• [WHAT YOU ARE ASKED TO DO]:
Write out the listing below without alteration, omitting its pictures.

• [DATA]:
──────────
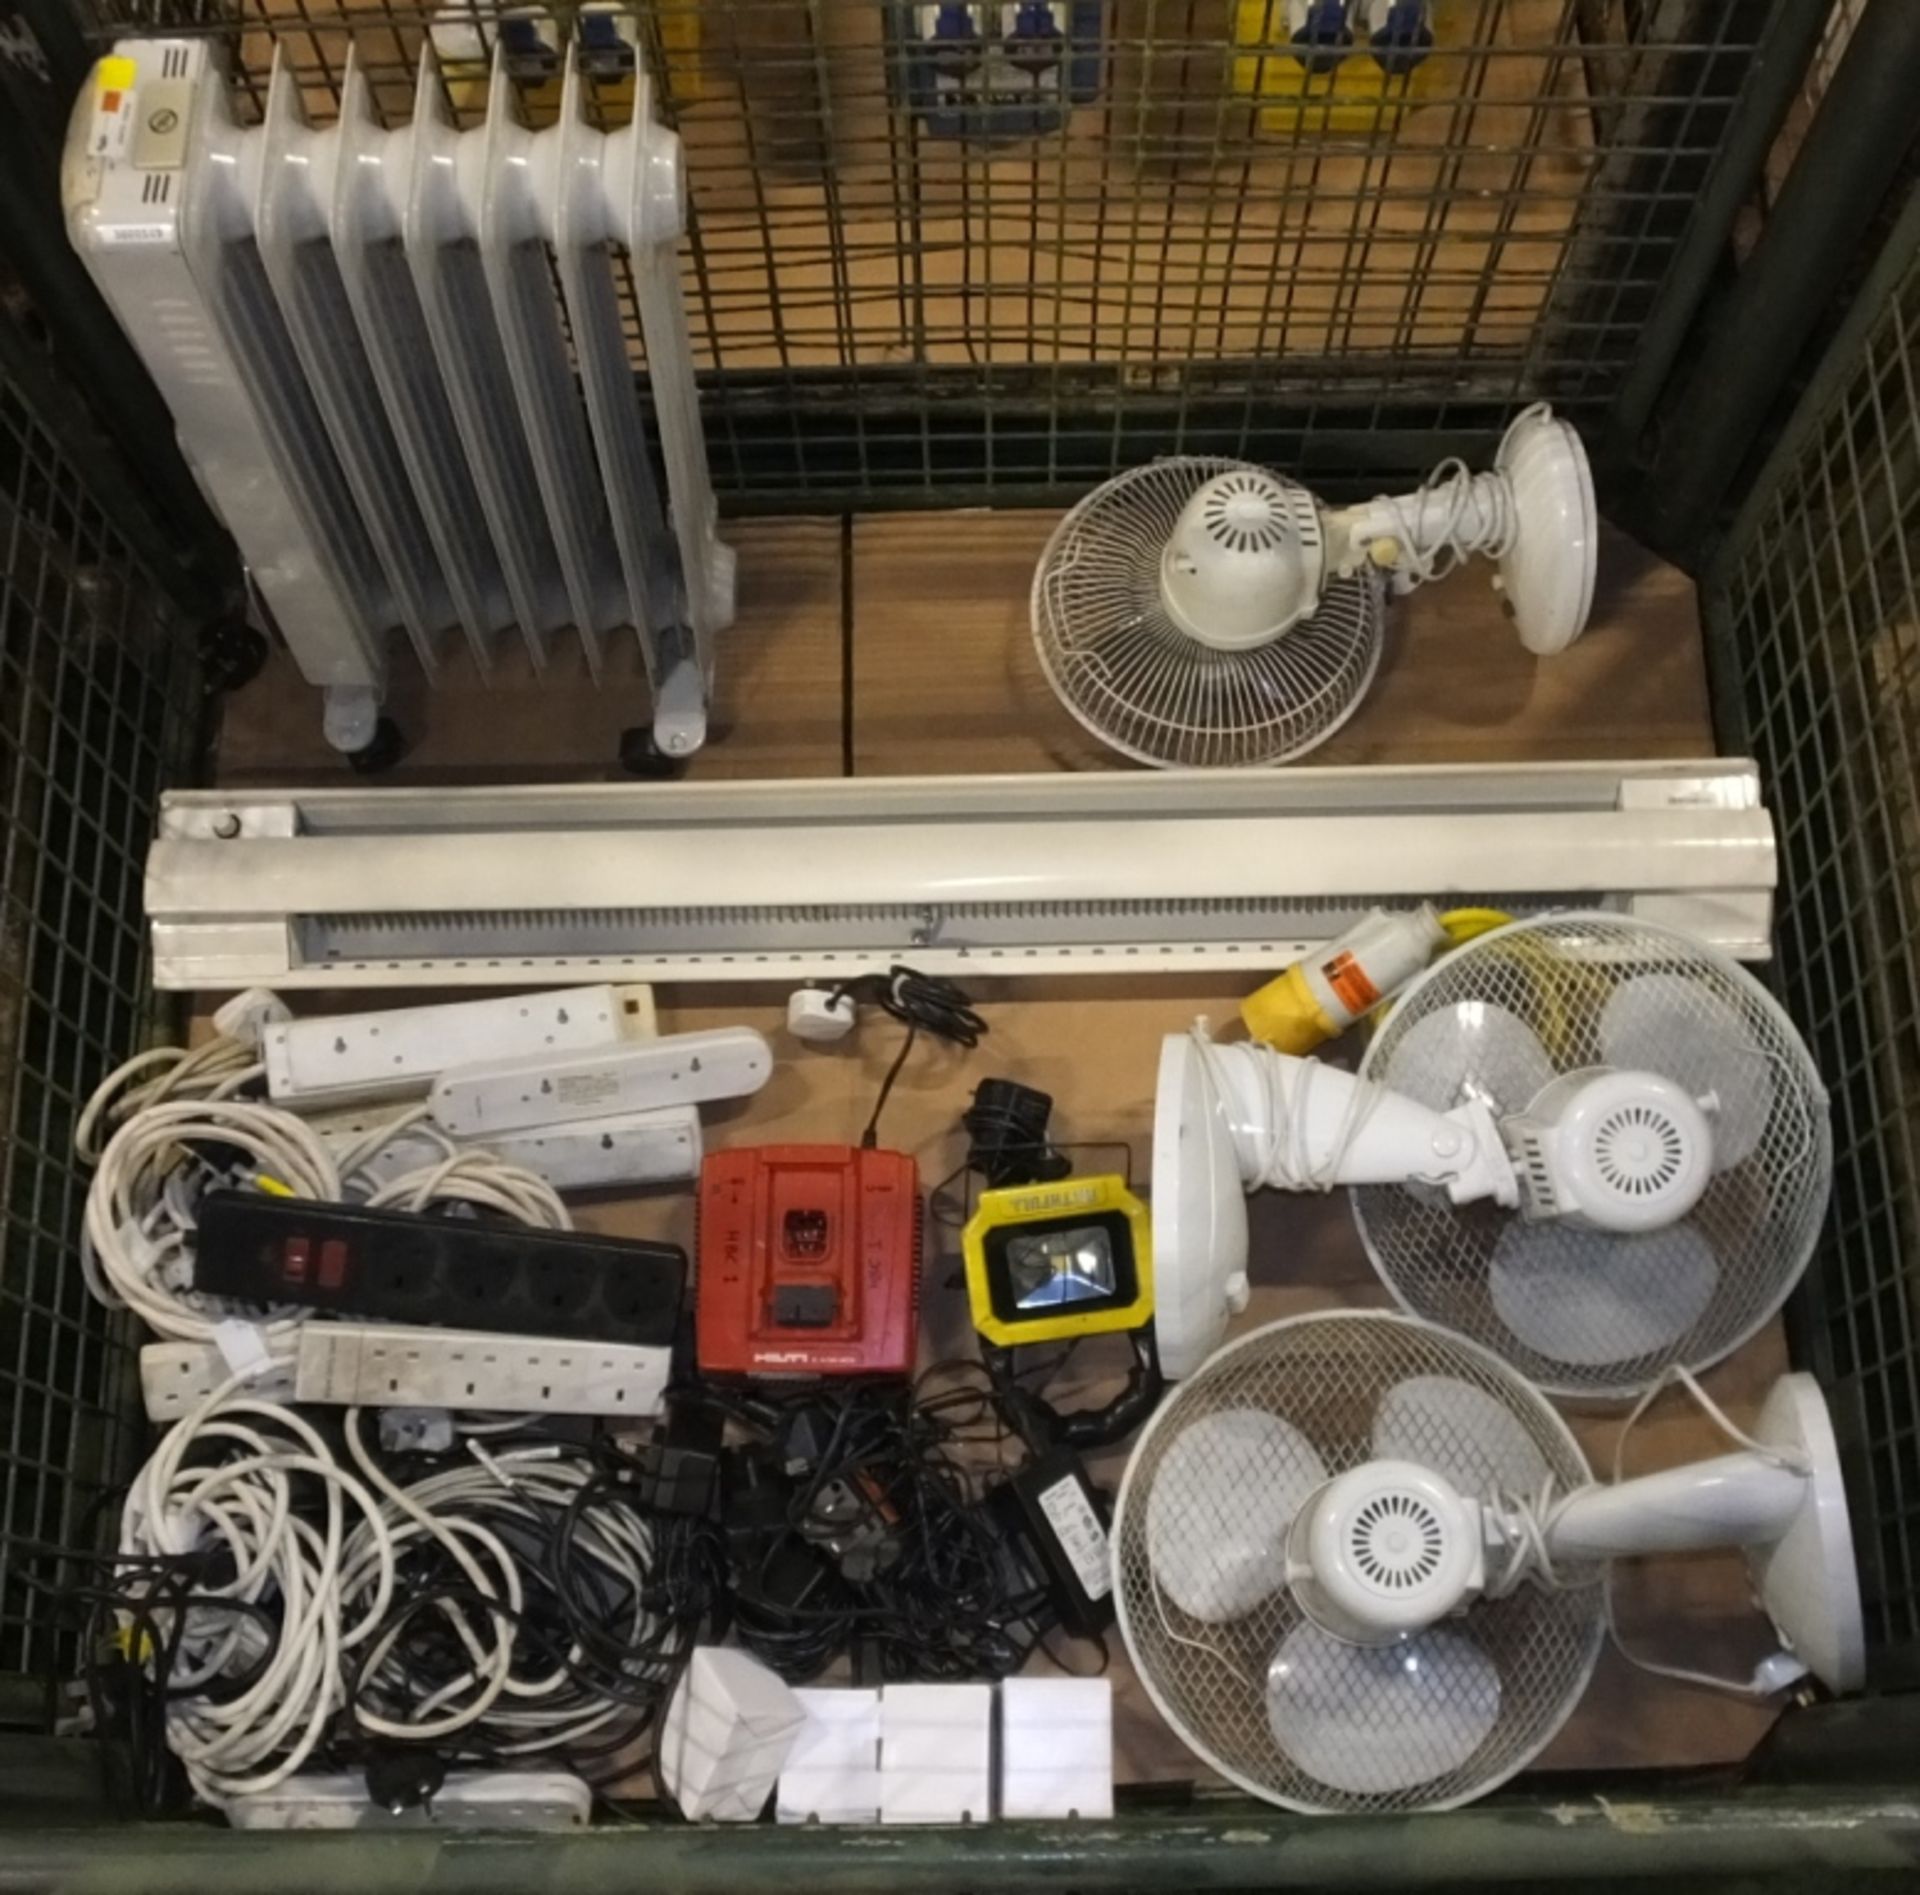 Domestic Electric Fans, Heater, Extension Leads
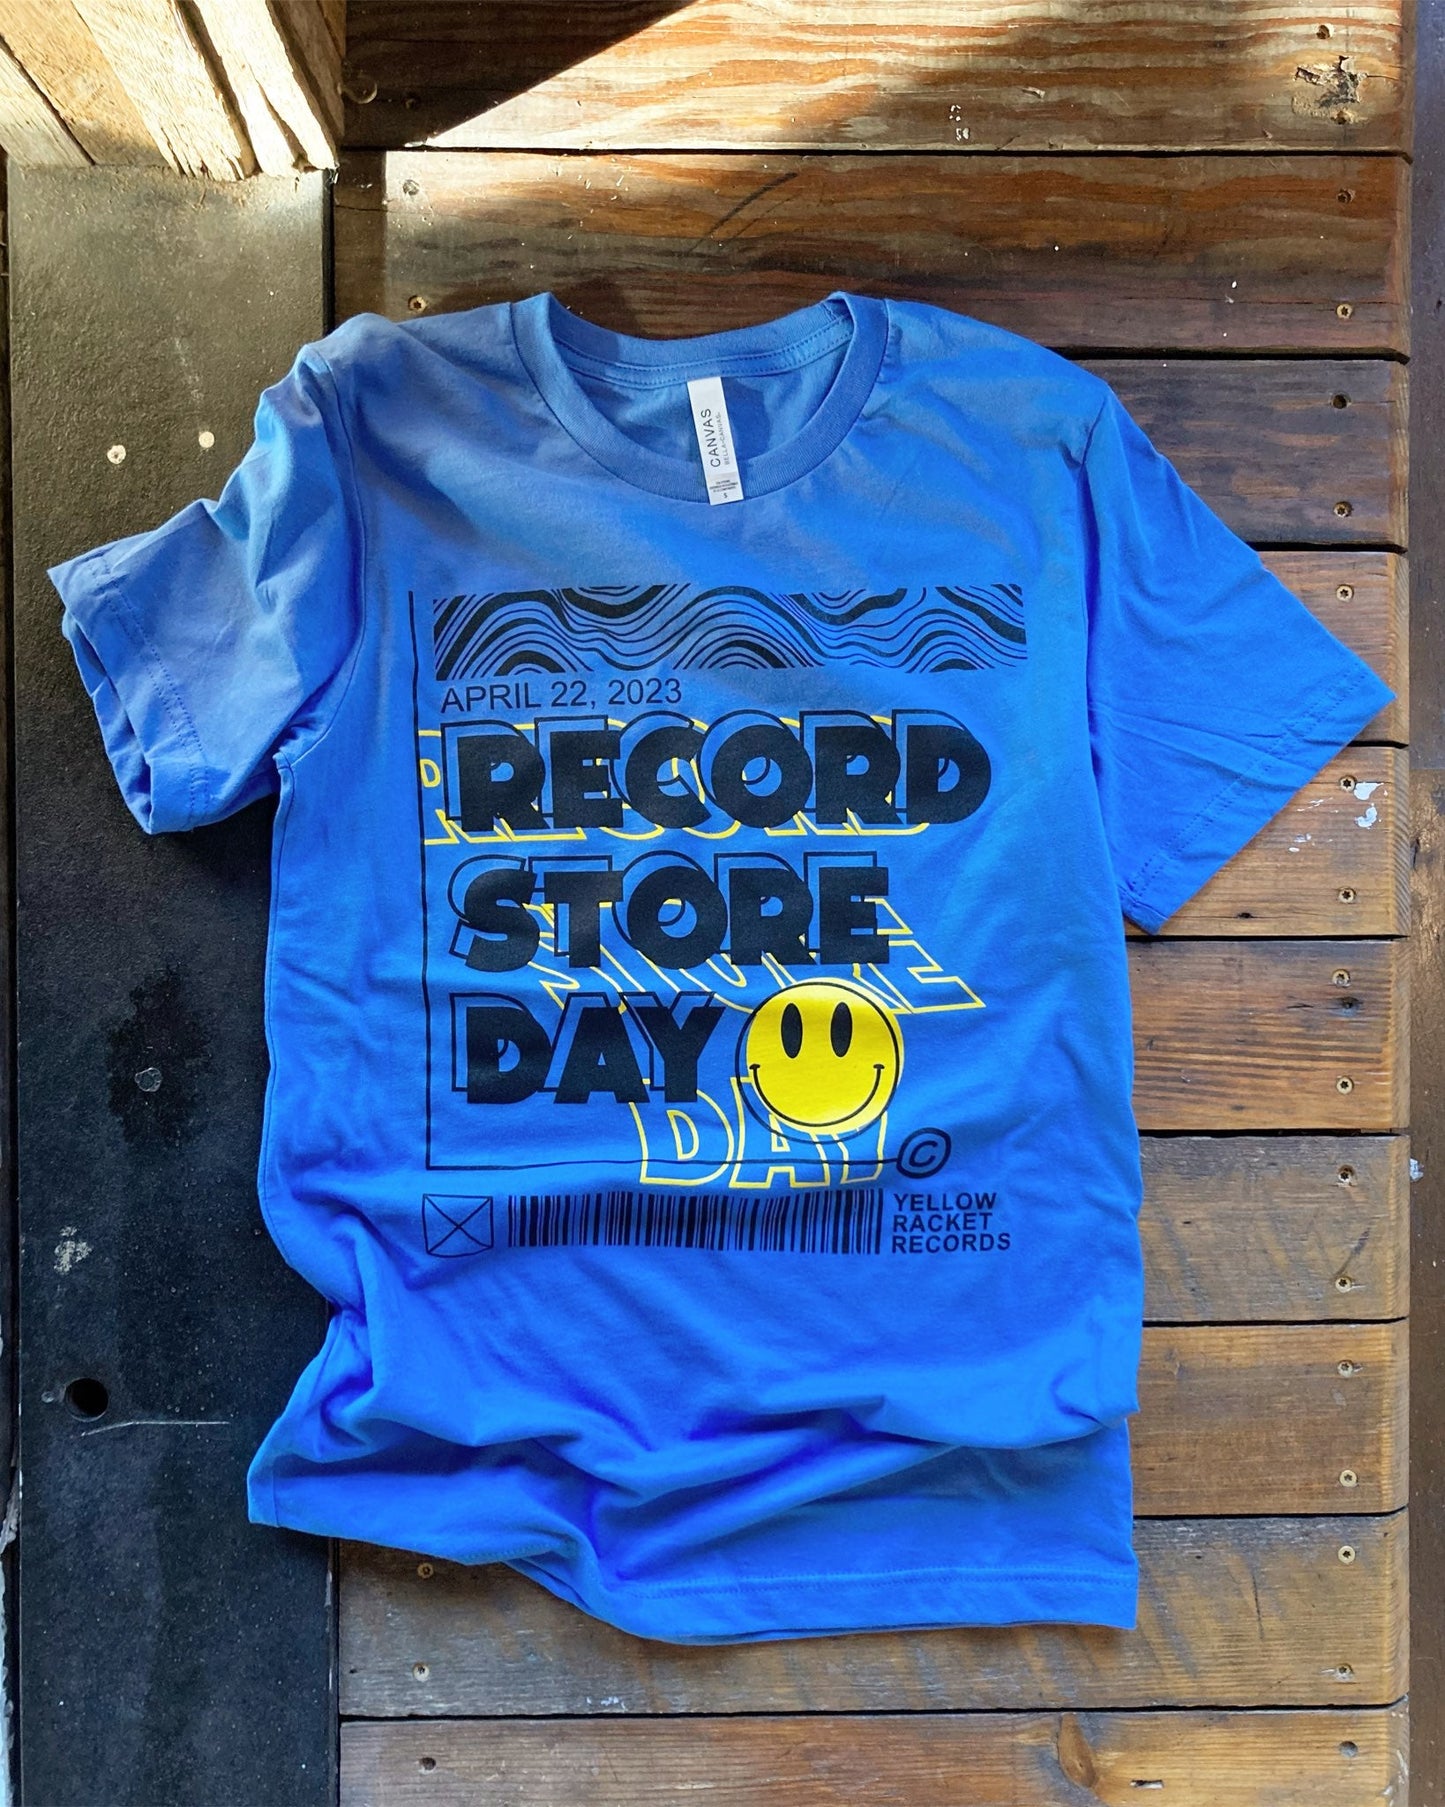 Smiley Face T-Shirt (Blue/Black/Yellow) - Record Store Day 2023 - Smiley Face T-Shirt (Blue/Black/Yellow) - Record Store Day 2023 - L - Apparel - Yellow Racket Records
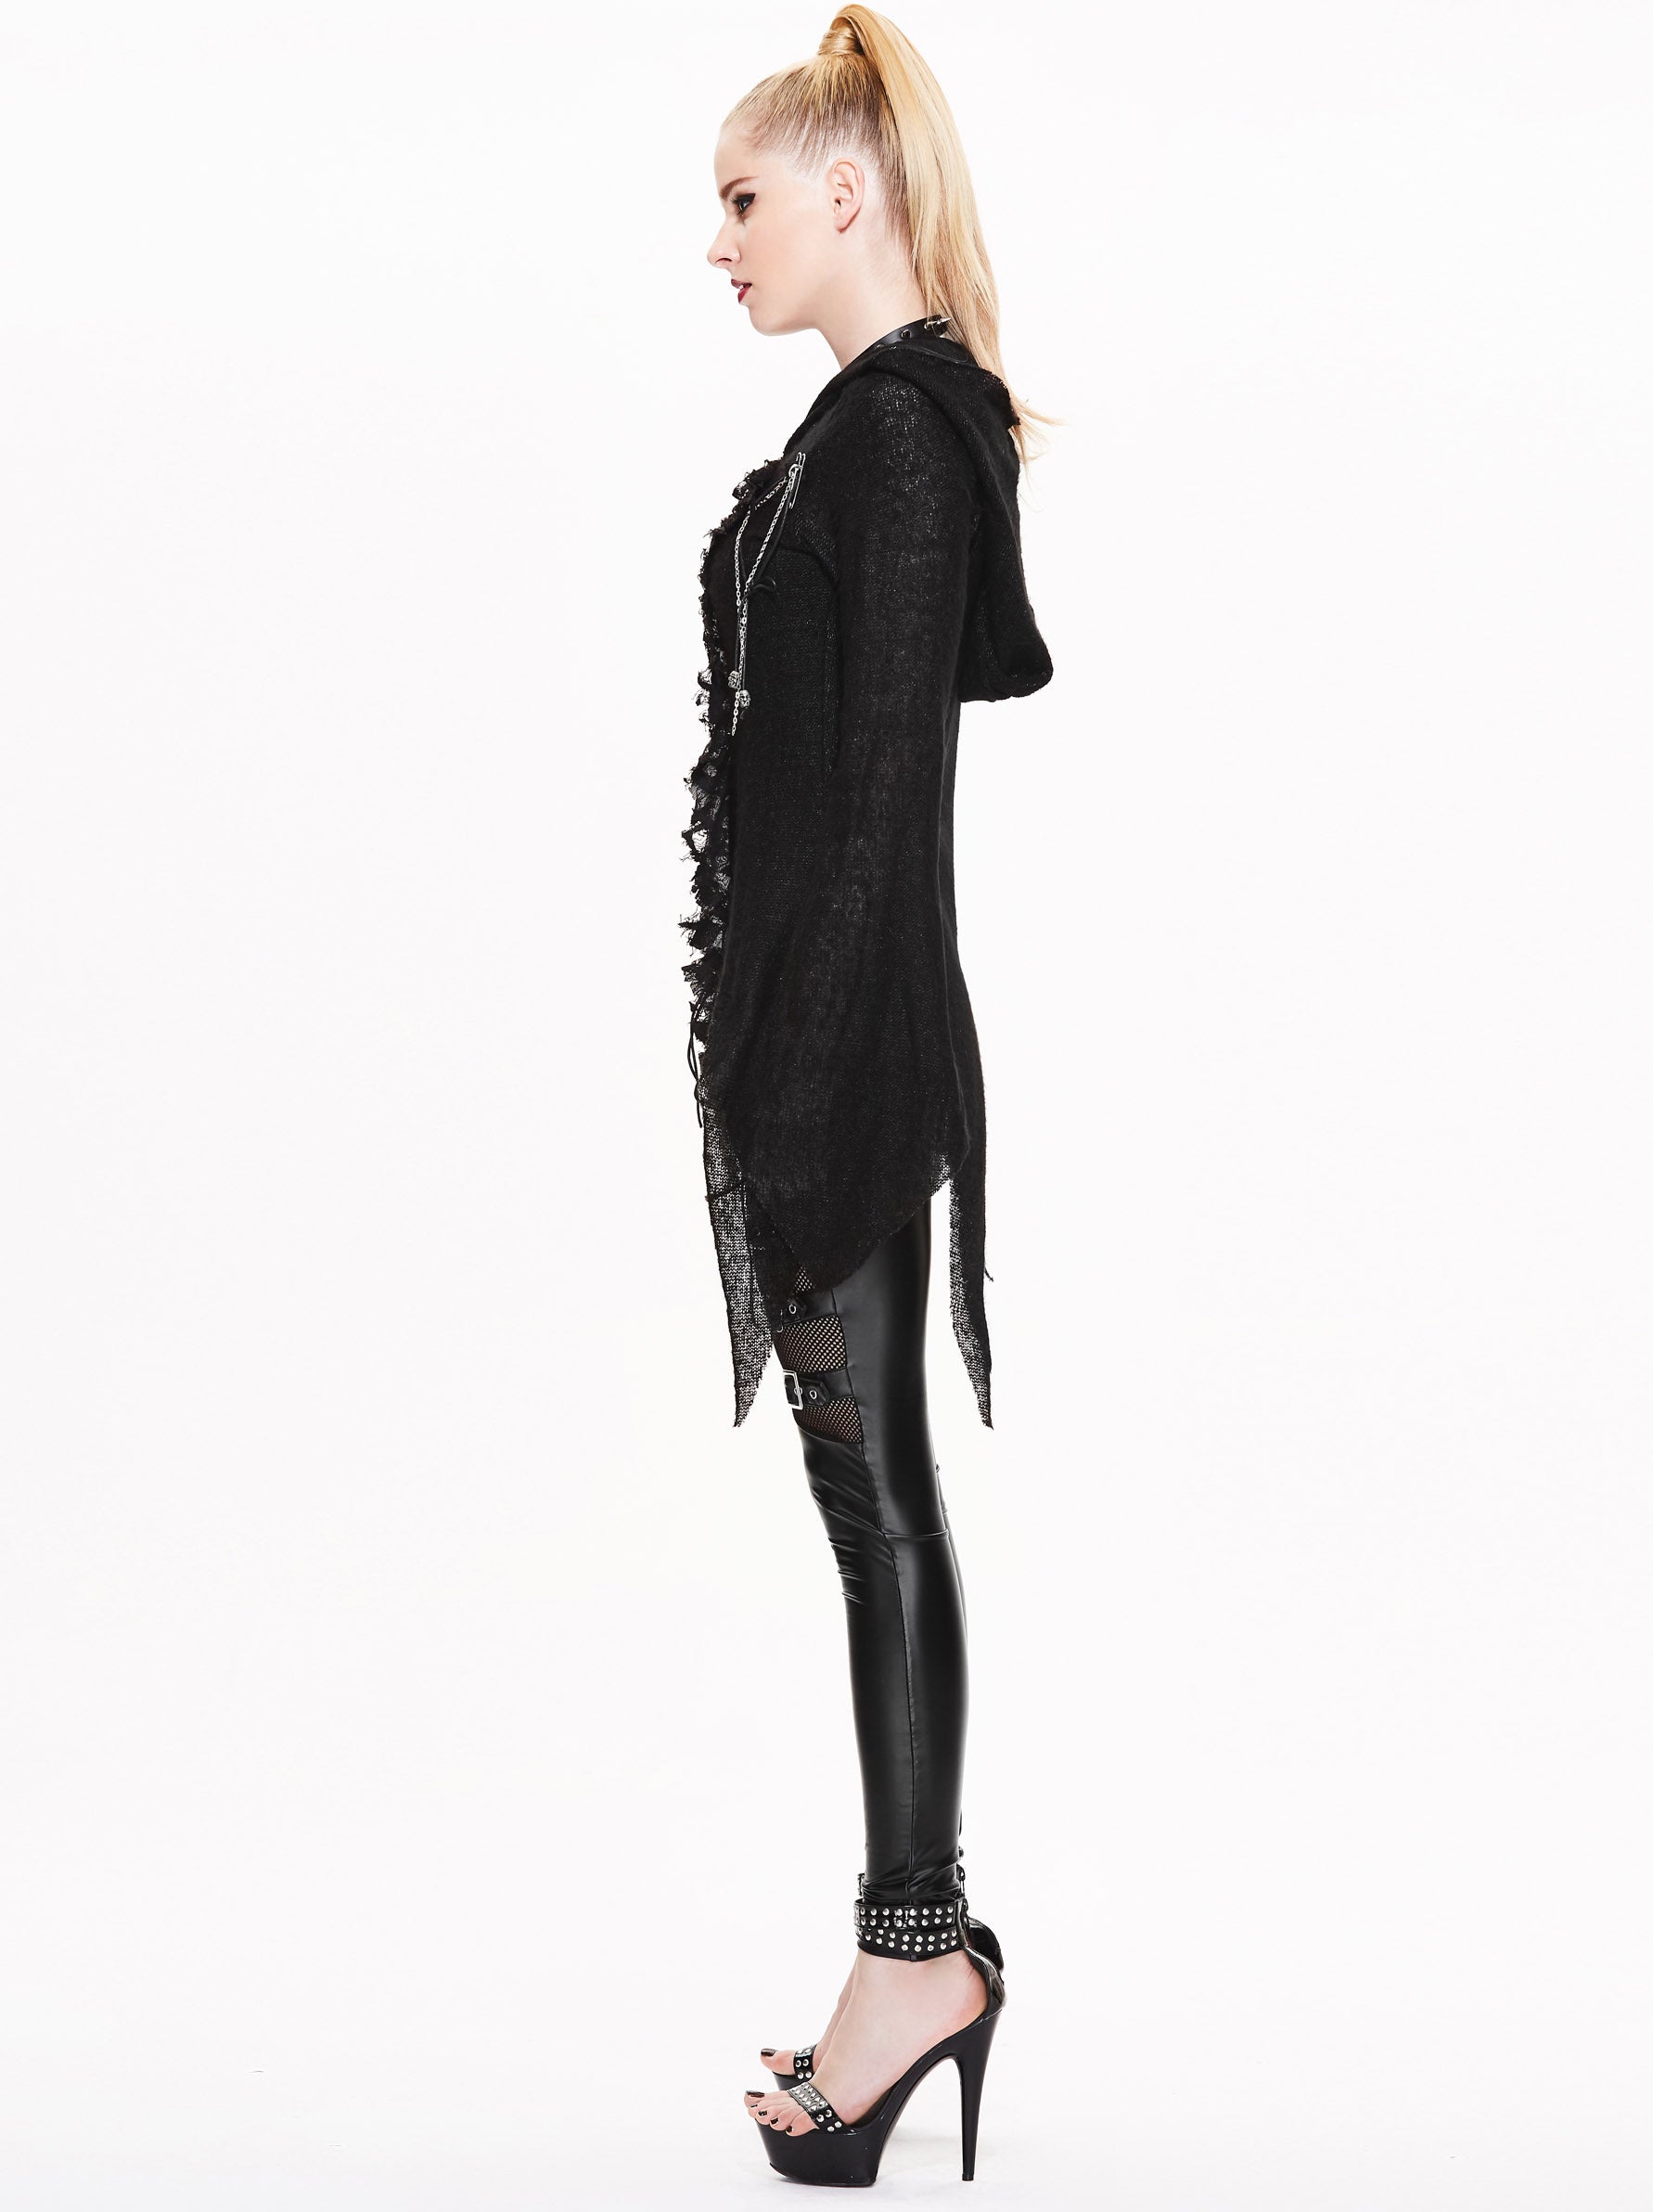 Witches hood knitted zip up cardigan - SR003
──────────
• [RESPONSE AREA]:
 Domestic Electric Fans, Heater, Extension Leads
 Smiley Face T-Shirt (Blue/Black/Yellow) - Record Store Day 2023 - Smiley Face T-Shirt (Blue/Black/Yellow) - Record Store Day 2023 - L - Apparel - Yellow Racket Records
 Witches hood knitted zip up cardigan - SR003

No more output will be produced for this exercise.